Task to carry out:
Below this line is a set of entries; quote exactly the lines from the line that contains "maxon liftgate wiring diagram" to the line that contains "pantone-color-of-the-year-2018-ultra-violet-designboom-1800", both lines included.

Provided records:
[Start of section]
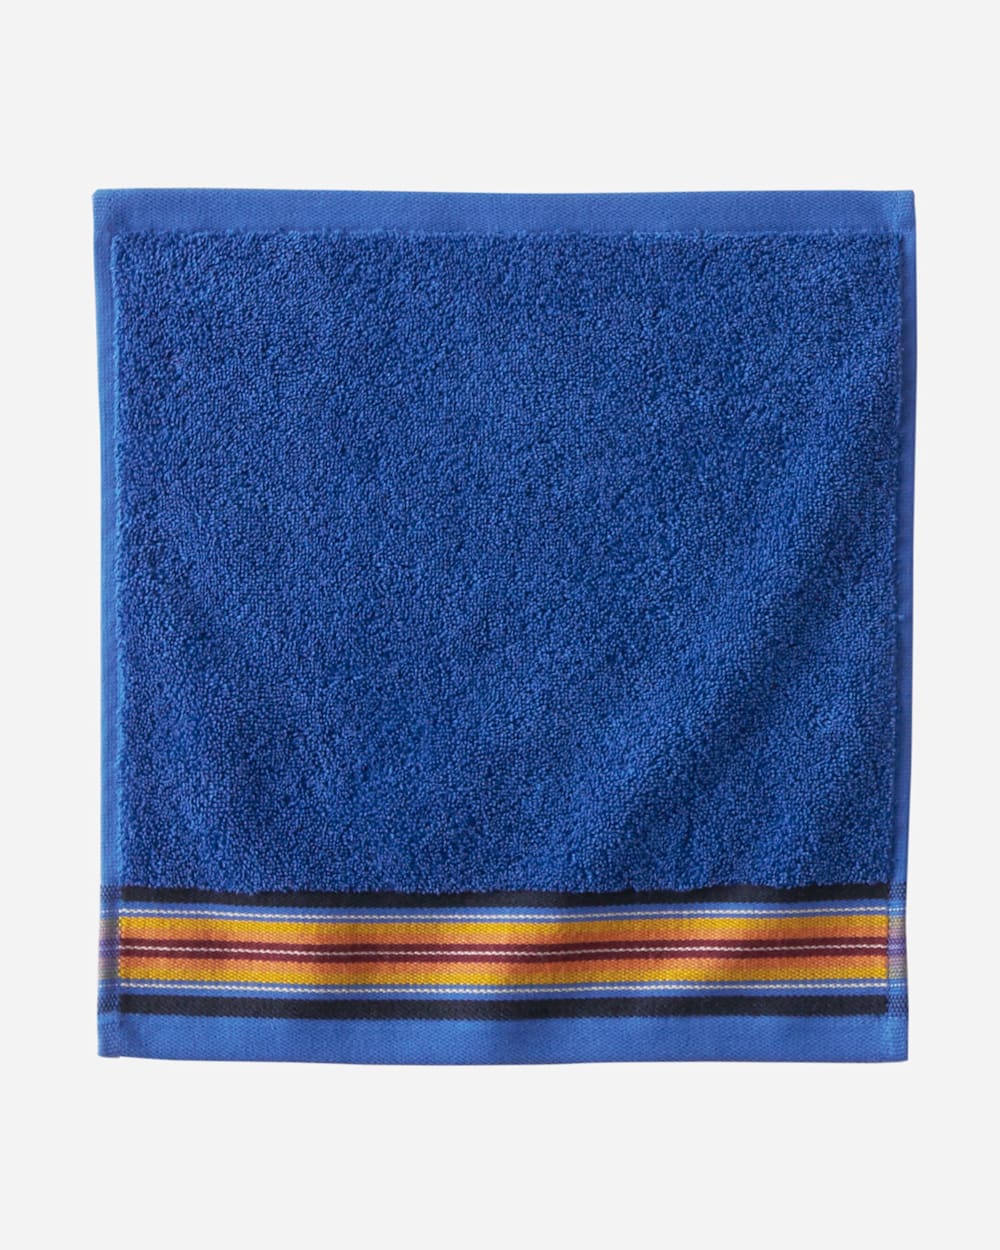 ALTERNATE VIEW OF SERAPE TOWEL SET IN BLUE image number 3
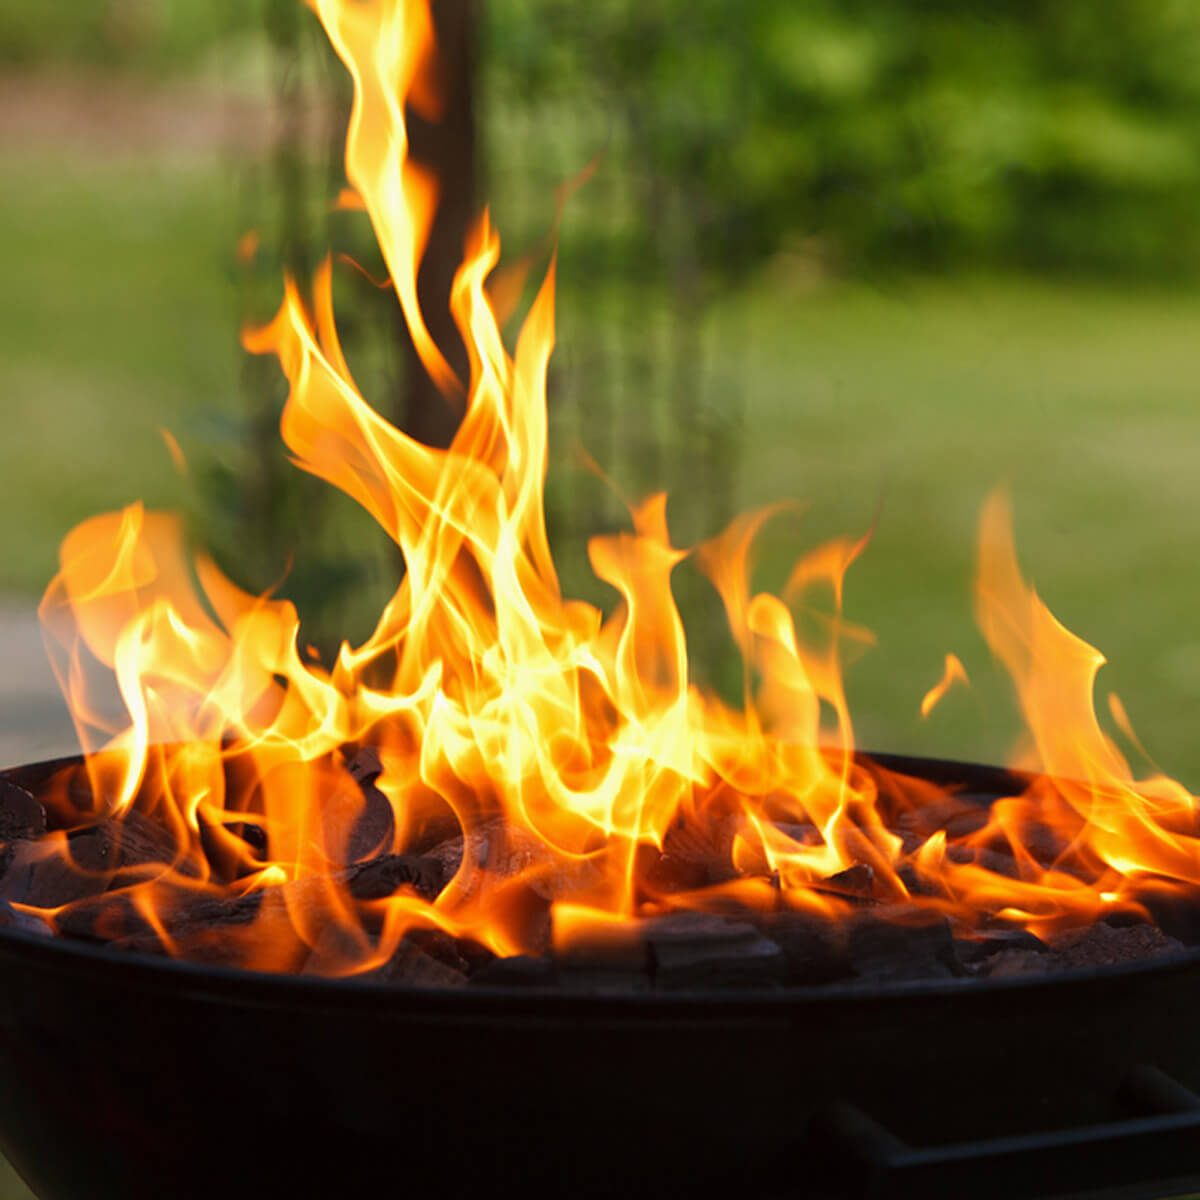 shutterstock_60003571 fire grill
[End of section]
[Start of section]
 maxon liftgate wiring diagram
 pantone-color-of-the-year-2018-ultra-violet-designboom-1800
[End of section]
[Start of section]
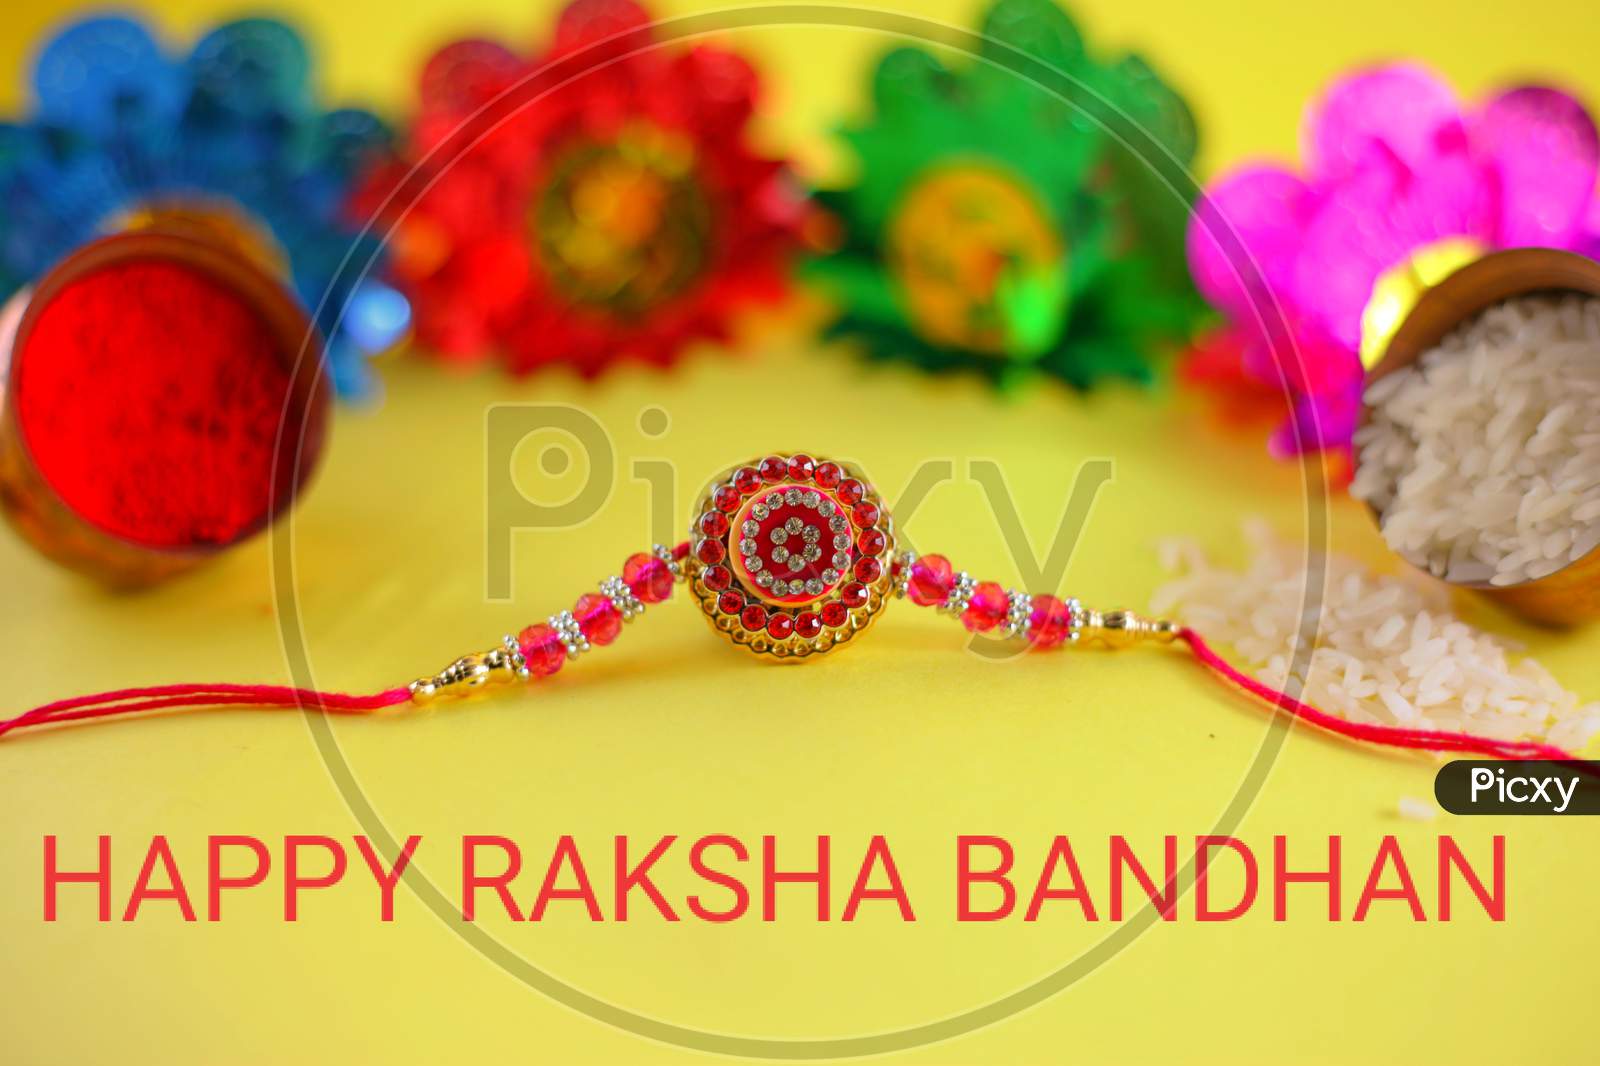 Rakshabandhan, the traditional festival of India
[End of section]
Answer:
 maxon liftgate wiring diagram
 pantone-color-of-the-year-2018-ultra-violet-designboom-1800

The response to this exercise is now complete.